José I. Torreblanca-El País
Sorprende que los jueces alemanes hayan pasado por alto una ley que encaja perfectamente en el catálogo histórico de golpes de Estado
El 6-7 de septiembre del año pasado, el Parlament catalán aprobó una ley de referéndum que muy pocos, dentro y fuera de España, han leído. En su artículo 1 dejaba claro que “regula la celebración del referéndum de autodeterminación vinculante sobre la independencia de Cataluña”. No se trataba, como muchos quisieron hacer creer (recuérdense las declaraciones de Pablo Iglesias o Ada Colau), de una consulta o movilización popular con pretensiones festivo-simbólicas, sino de una ley por la que el Parlament se constituía en sujeto político soberano, se autoconcedía el derecho de autodeterminación y organizaba un referéndum de independencia.
Un referéndum que, según el artículo 4.4, conduciría de forma automática a la independencia en las 48 horas siguientes sin tener en cuenta el número de personas que participaran efectivamente en él (“si en el recuento de los votos válidamente emitidos hay más votos afirmativos que negativos, el resultado implica la independencia de Cataluña”). Claramente, el referéndum estaba diseñado para que solo pudiera salir un resultado favorable a la independencia.
Esa ley no escondía su naturaleza. En el artículo 2.2 afirmaba establecer “un régimen jurídico excepcional, dirigido a regular y garantizar el referéndum de autodeterminación de Cataluña”. Además, para blindarla de cualquier modificación se estipulaba que “prevalece jerárquicamente sobre todas las normas que puedan entrar en conflicto con la misma, en tanto que regula el ejercicio de un derecho fundamental e inalienable del pueblo de Cataluña”.

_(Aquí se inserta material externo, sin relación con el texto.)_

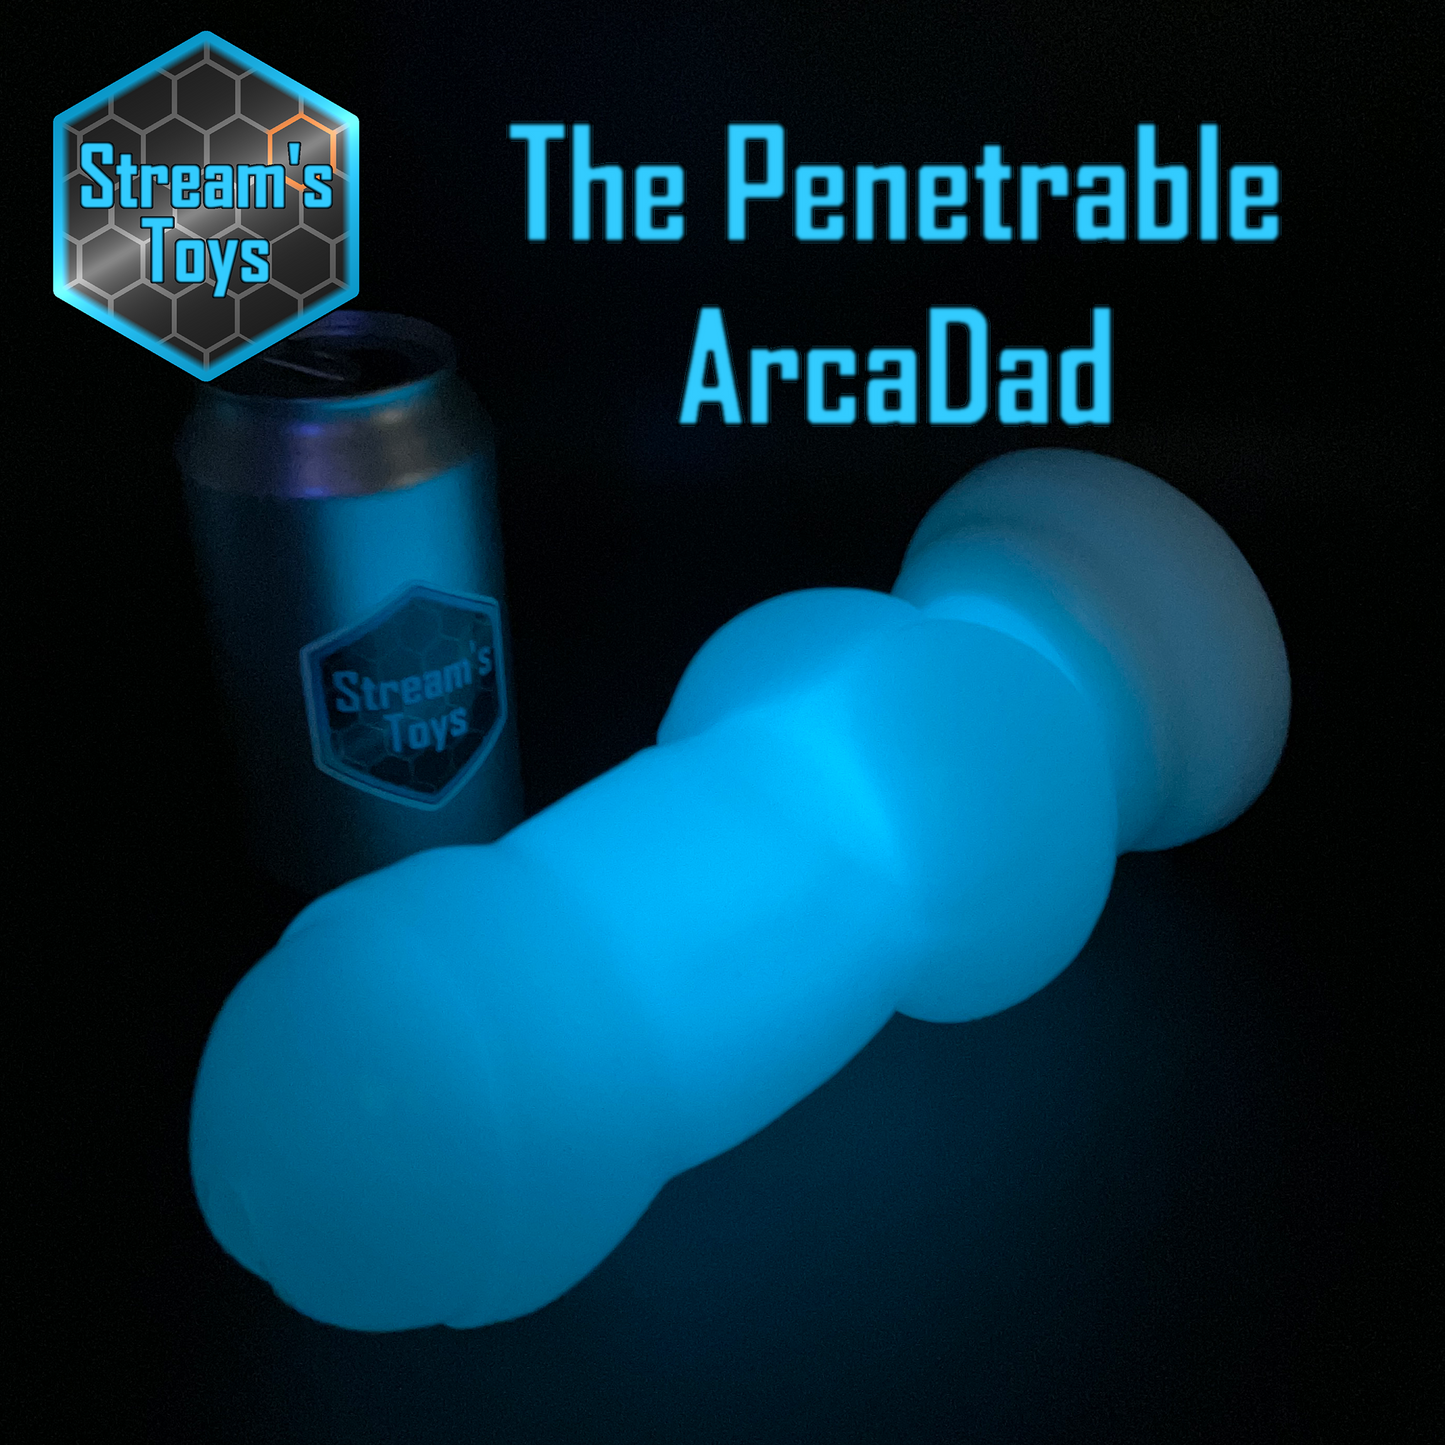 Glow-in-the-dark Penetrable ArcaDad
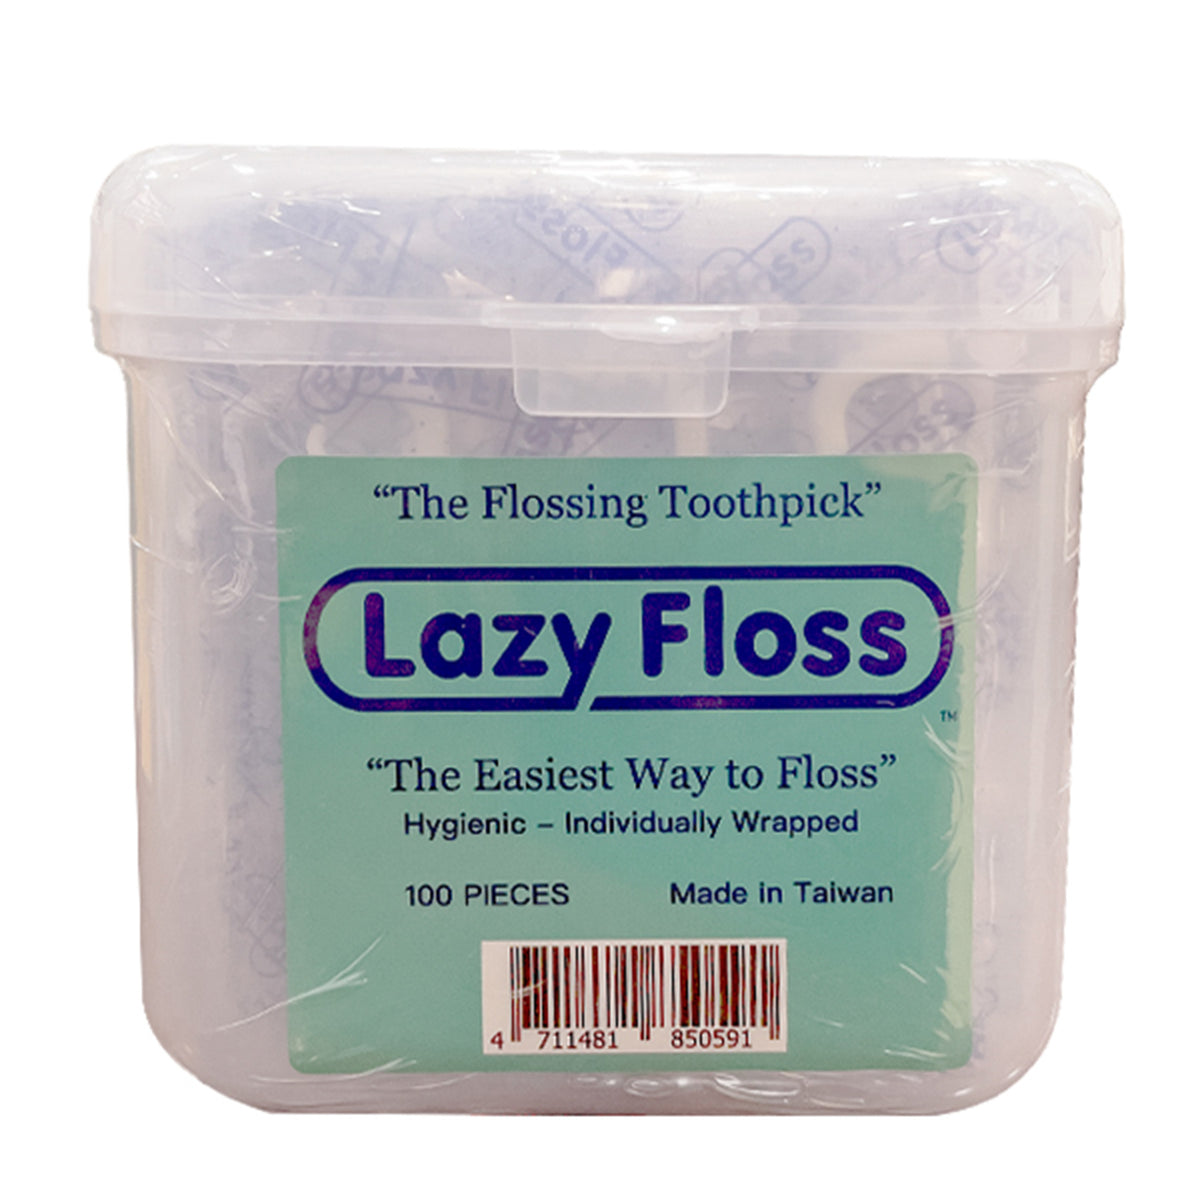 Lazy floss singly wrapped - 100 pcs

Sorprende que los jueces alemanes hayan pasado por alto una ley que, al afirmar su excepcionalidad, inderogabilidad y supremacía, encaja perfectamente en el catálogo histórico de golpes de Estado que se han llevado a cabo al aprobar los parlamentos normas excepcionales que confieren poderes extraordinarios al poder ejecutivo. Su República de Weimar, por cierto, pereció por un golpe parlamentario: la llamada ley habilitante concedió al entonces canciller Adolf Hitler, que había ganado las elecciones, plenos poderes para aprobar leyes sin pasar por el Reichstag. “Soberano es quien decide sobre el estado de excepción”, sostuvo Carl Schmitt (1888-1985), que lo definió como “la suspensión de la Constitución por el poder soberano”. El golpe que no fue quiso ser.